94 F.Supp.2d at 507-08 (emphasis added). Gabriel I held that contradictions and disclaimers in the Offering Memorandum could not defeat reliance on the road show representations as a matter of law. It stands to reason, similarly, that a failure to read the Offering Memorandum cannot defeat plaintiffs' claim of reliance on road show misrepresentations or omissions as a matter of law. However, a jury may conclude that the timely receipt of the Offering Memorandum defeats plaintiffs' claim of reliance on material presented at the road show. Therefore, all of plaintiffs' claims regarding misrepresentations made at the road show must be decided at trial.[5] As limited by this Opinion, the trial shall proceed as scheduled.

SO ORDERED.

NOTES

[1] Defendants McDonald and SDI have since been voluntarily dismissed from this lawsuit pursuant to Rule 41 of the Federal Rules of Civil Procedure.

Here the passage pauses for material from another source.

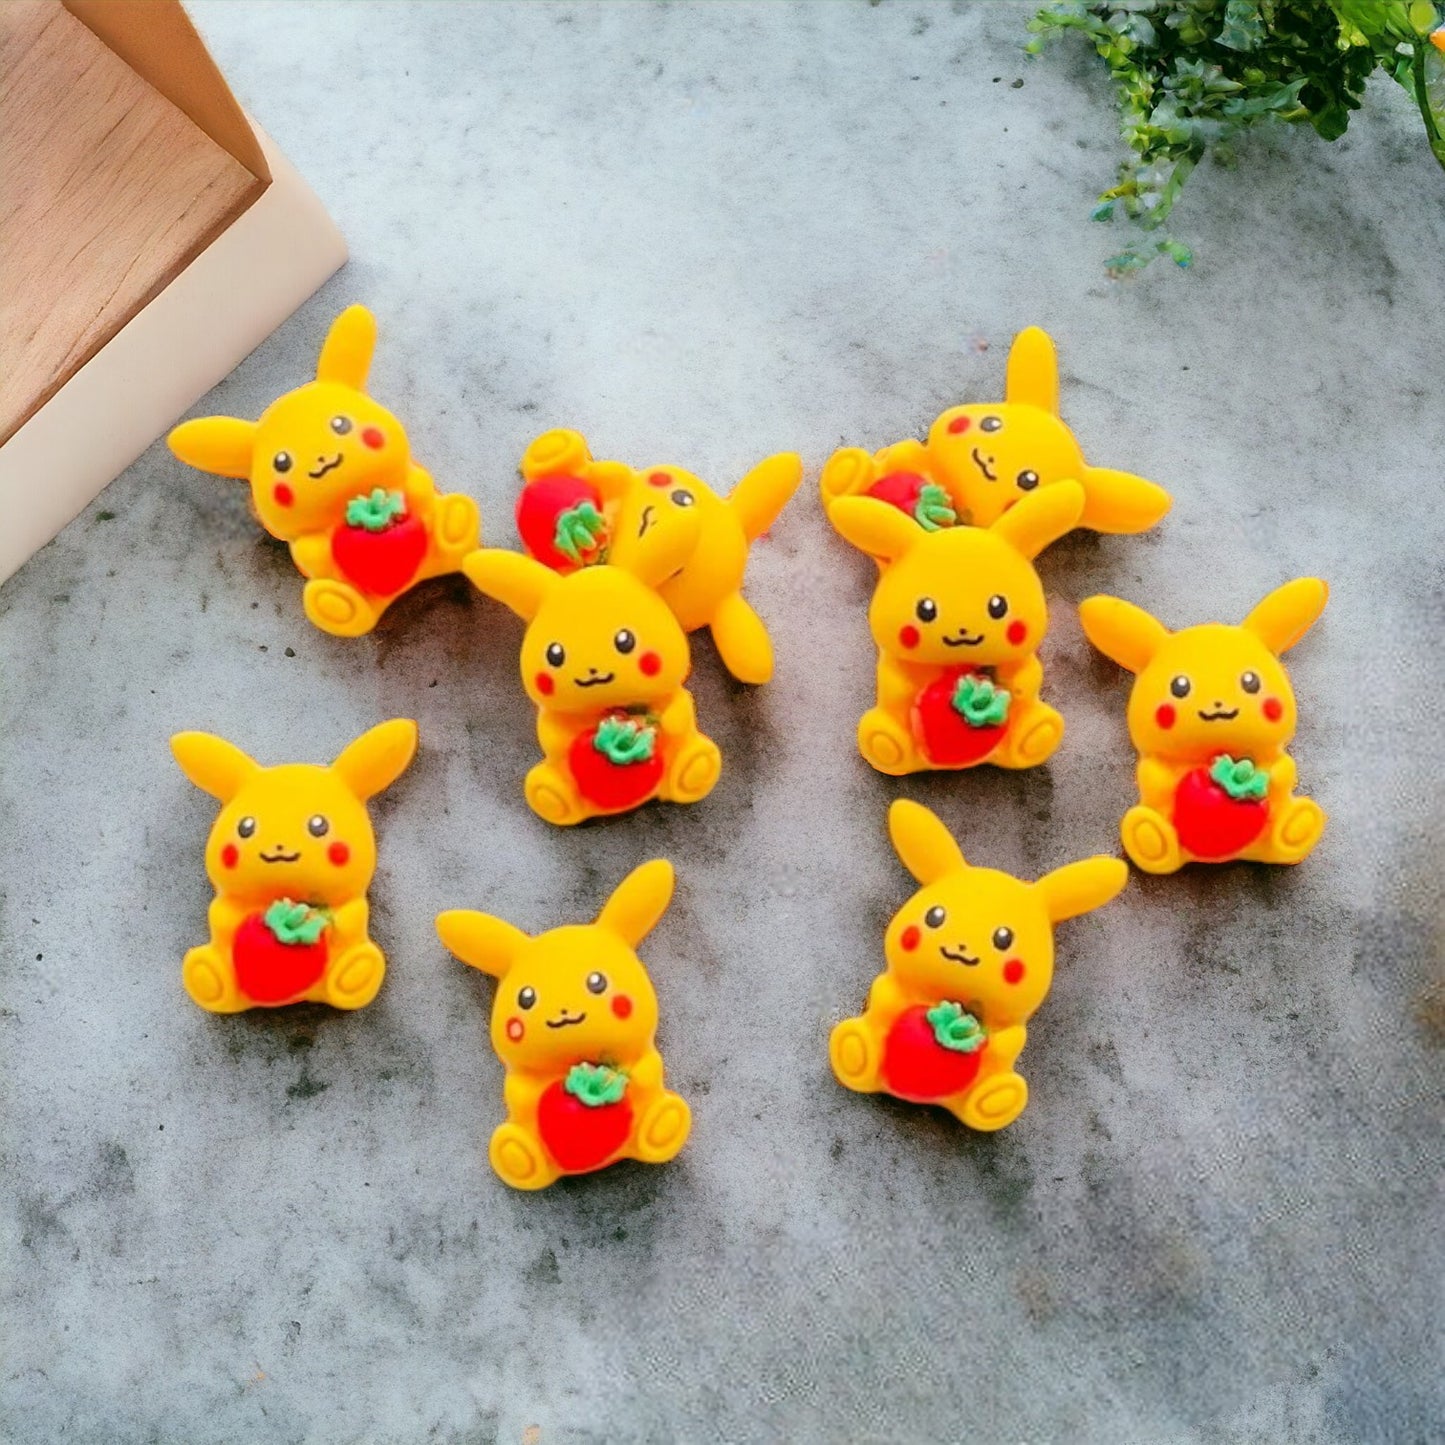 Mini - Pikachu en Résine Pokémon

[2] The "road show" was the sales presentation recommending the purchase of NSM Notes made by various representatives of NatWest, McDonald and NSM to Jack Mayer, a Gabriel Capital portfolio manager, and Selin Cebeci-Gulcelik, a former analyst at Gabriel Capital who worked under Mayer's direction.

[3] Plaintiffs allege that they "reviewed and relied upon the written materials provided to them by the defendants, as well as the oral representations made by the defendants, in making the decision to invest in the NSM Notes. Based upon these representations, on or about March 2, 1998, the plaintiffs together purchased $15.5 million in principal value of 12% NSM Senior Steel Mortgage Notes due 2006." SAC ¶ 18.

[4] This point was conceded by plaintiff's counsel, Thomas B. Hatch, during a telephone conference held on September 28, 2001.

[5] Plaintiffs also state that "the record shows several material omissions." Memorandum in Opposition to the NatWest Defendants' Motion for Summary Judgment at 18. See, e.g., purported omissions regarding the quality of steel produced and the availability of working capital. The citations supporting these omissions refer to various expert reports rather than the Second Amended Complaint. See Expert Report of Ralph O. Hellmold, Chairman, The Private Investment Banking Co., Ex. A to the Declaration of Randall Tietjen, plaintiffs' attorney, ("Teitjen Decl."), at 19-23; Expert Report of Arthur H. Cobb, Cobb & Associates, Ltd., Ex. C of Teitjen Decl., at 9-10. But these expert reports state that these omissions are from the Offering Memorandum, not the road show. Plaintiffs may therefore conform the pleadings to the proof by filing a Third Amended Complaint identifying the pertinent omissions and when they were allegedly omitted within 10 days of the date of this Order.